● **Material provided**:
▬▬▬▬▬▬▬▬▬▬

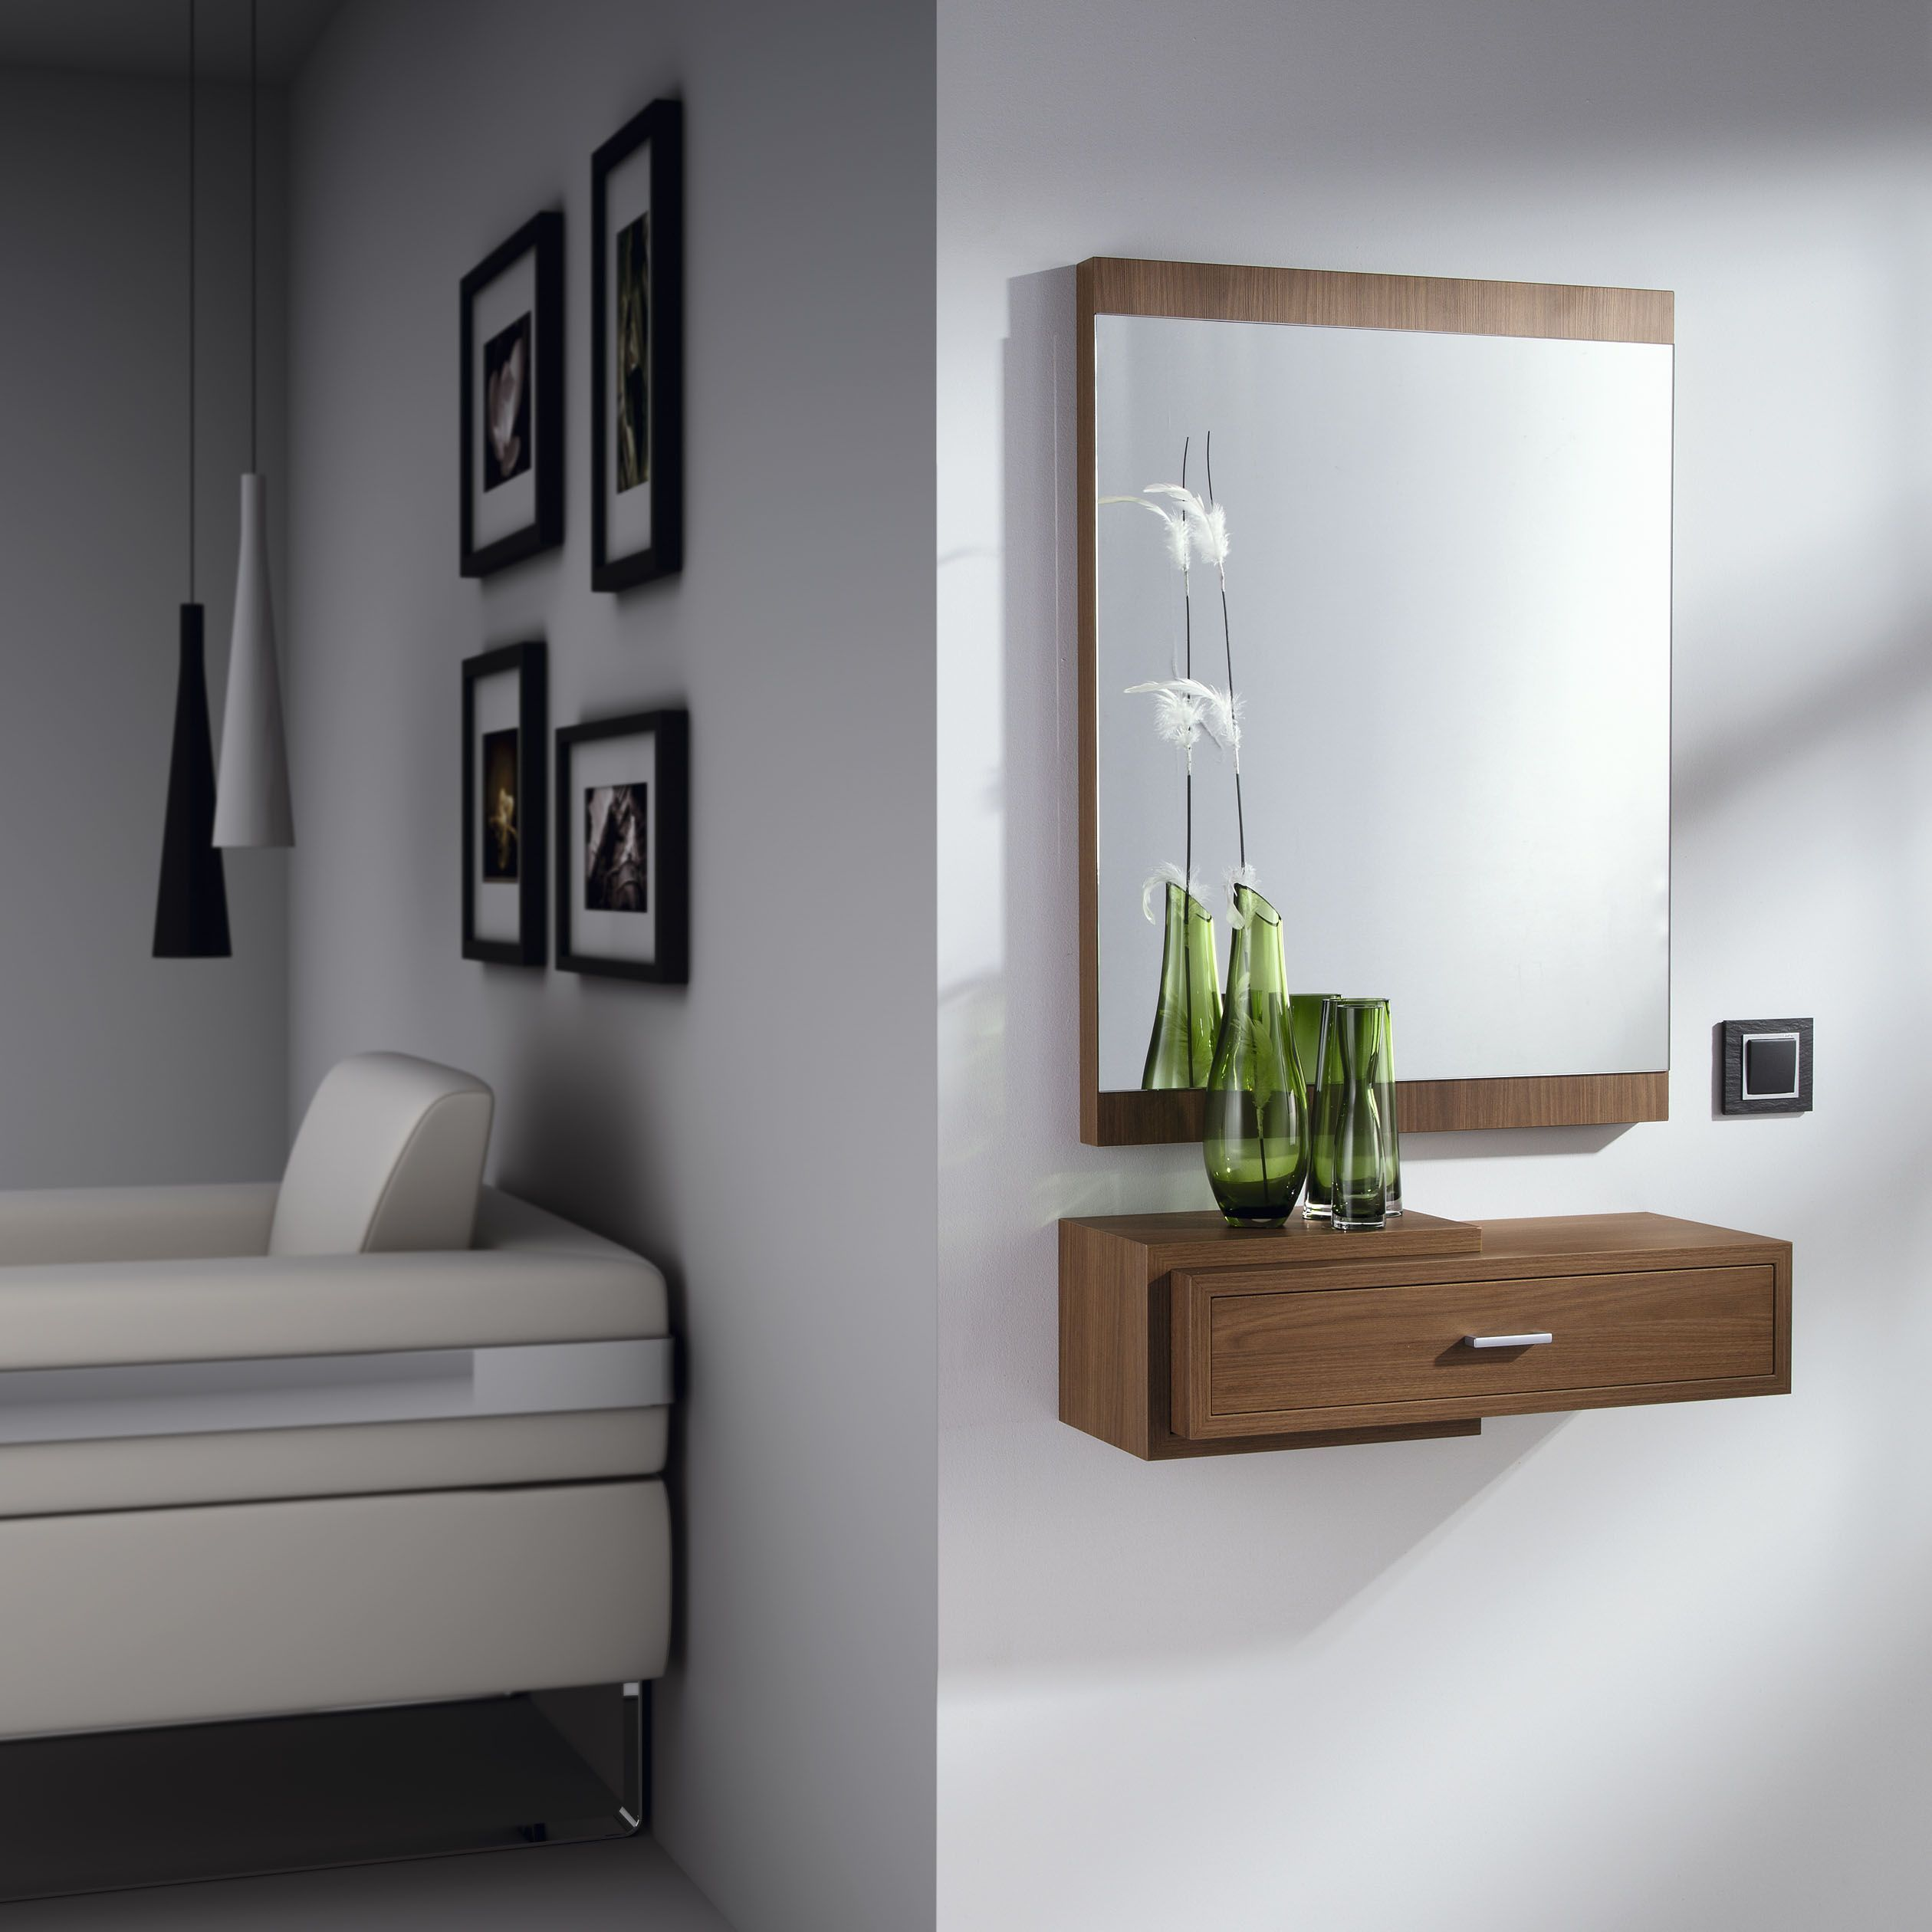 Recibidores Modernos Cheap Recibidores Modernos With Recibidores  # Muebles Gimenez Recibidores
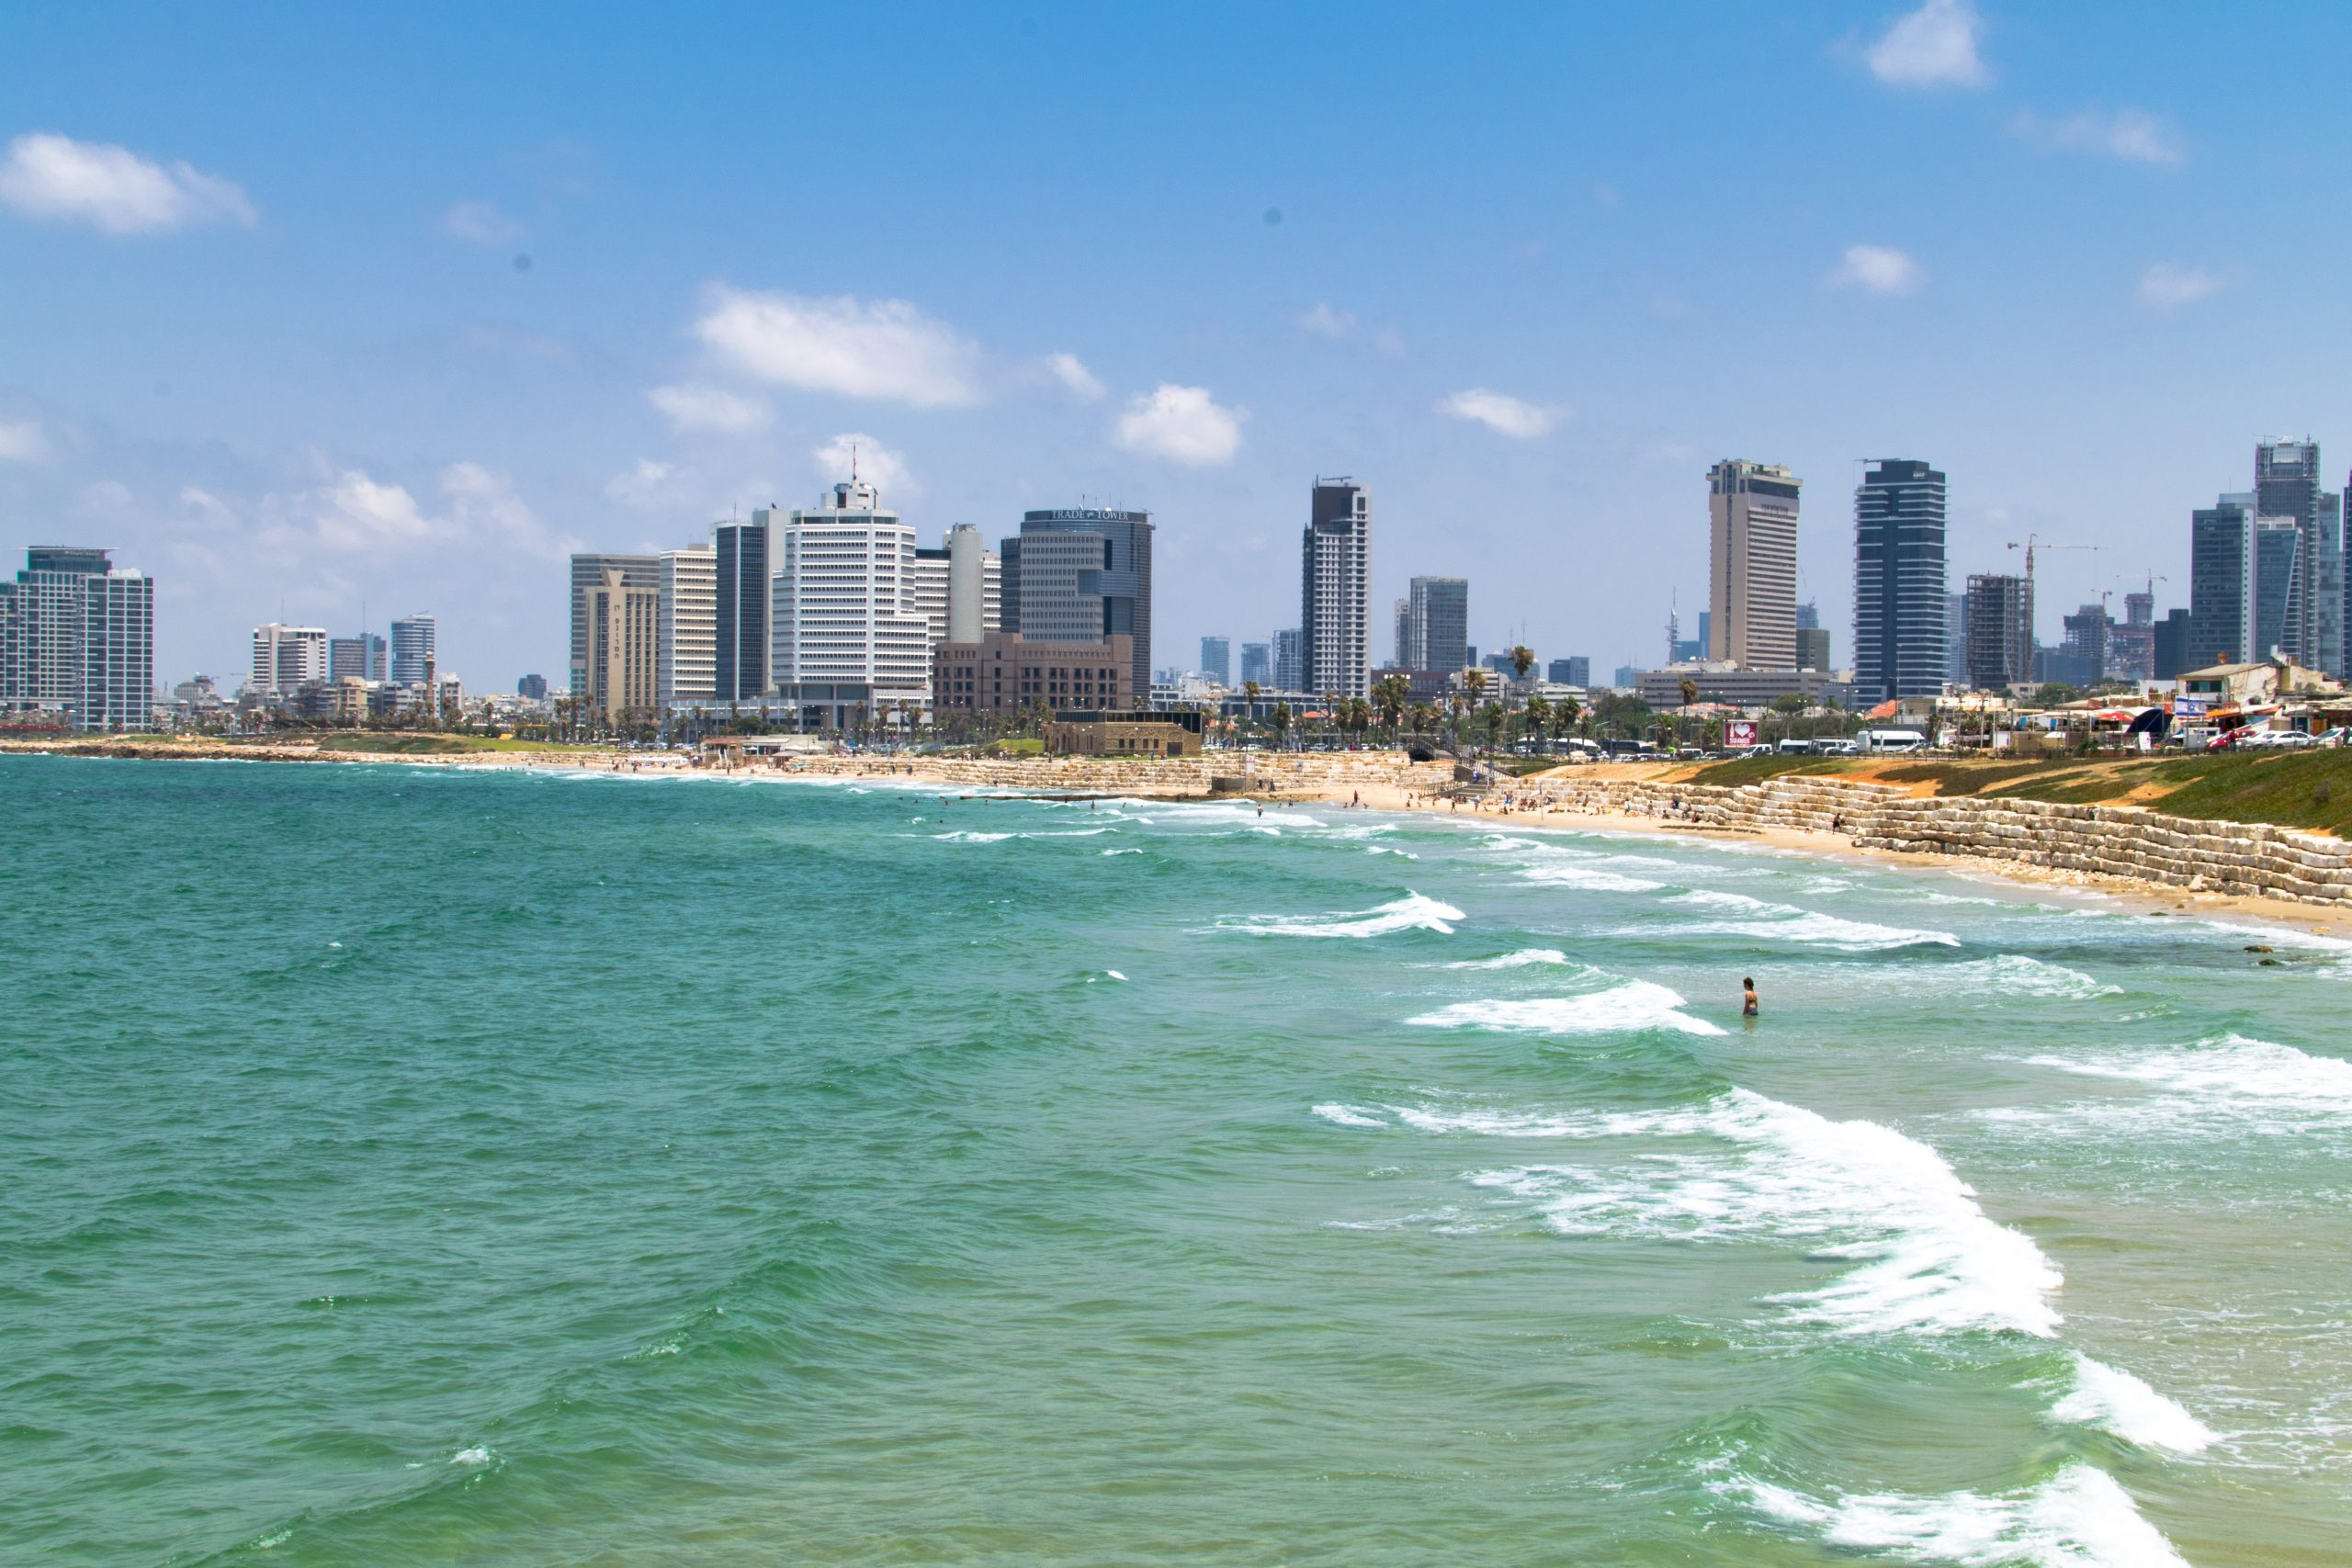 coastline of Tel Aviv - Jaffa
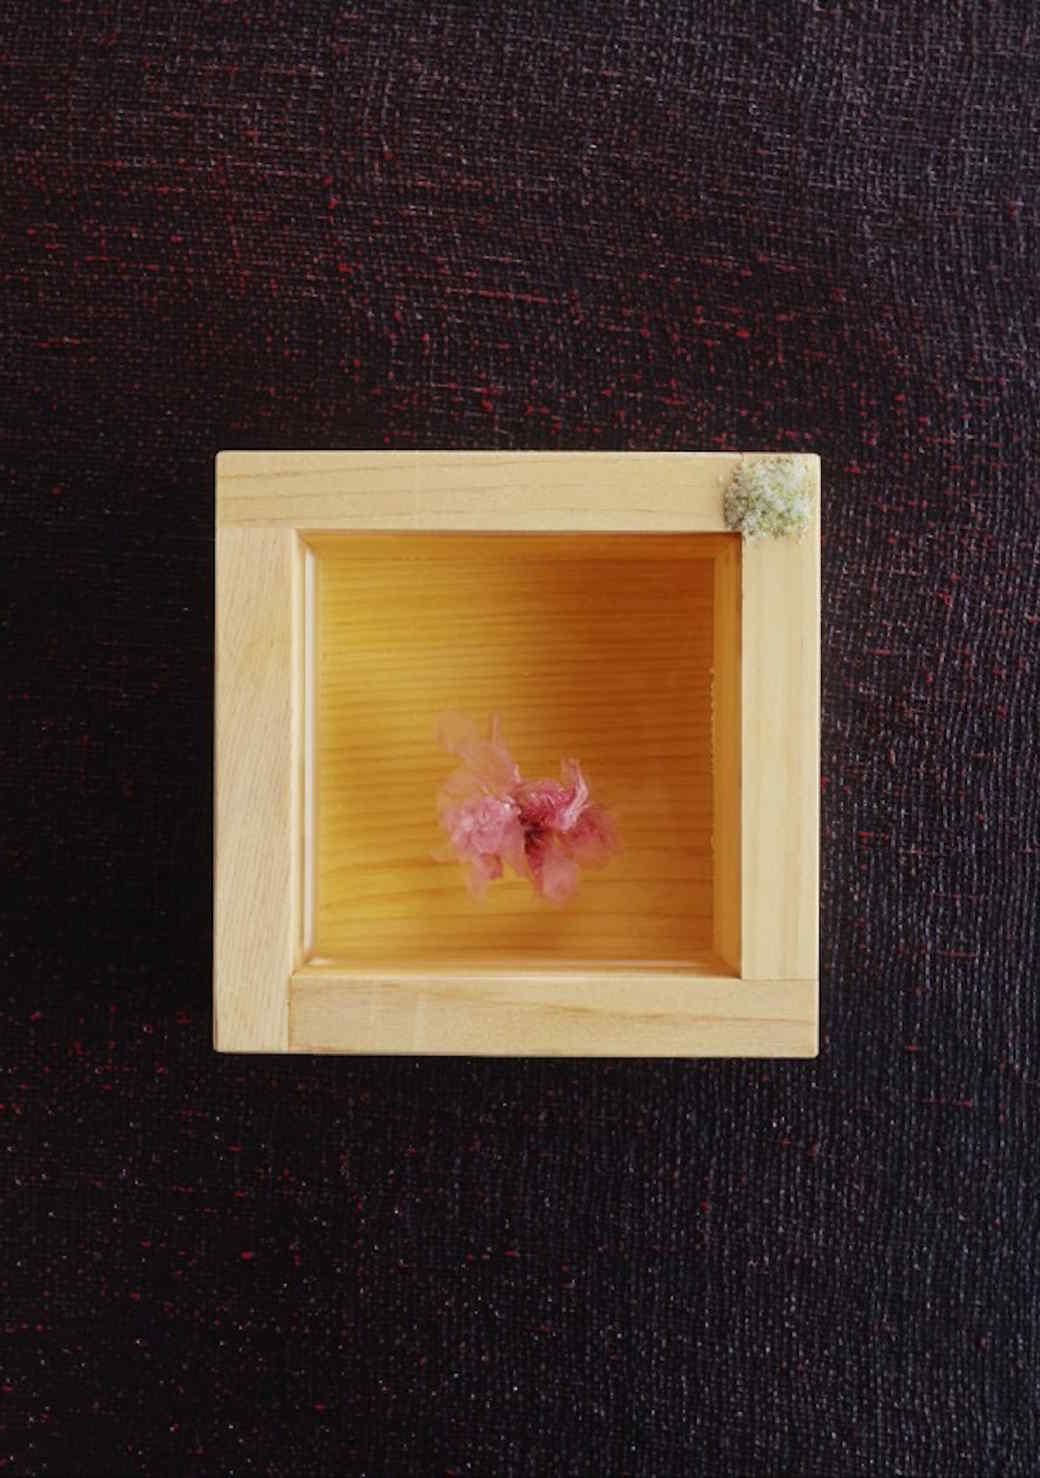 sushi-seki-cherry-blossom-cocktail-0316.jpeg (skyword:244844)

▬▬▬▬▬▬▬▬▬▬

● **About this task**: Reprint the listing above verbatim but drop the images.

● **Exercise answer**:
 Recibidores Modernos Cheap Recibidores Modernos With Recibidores  # Muebles Gimenez Recibidores
 coastline of Tel Aviv - Jaffa
 sushi-seki-cherry-blossom-cocktail-0316.jpeg (skyword:244844)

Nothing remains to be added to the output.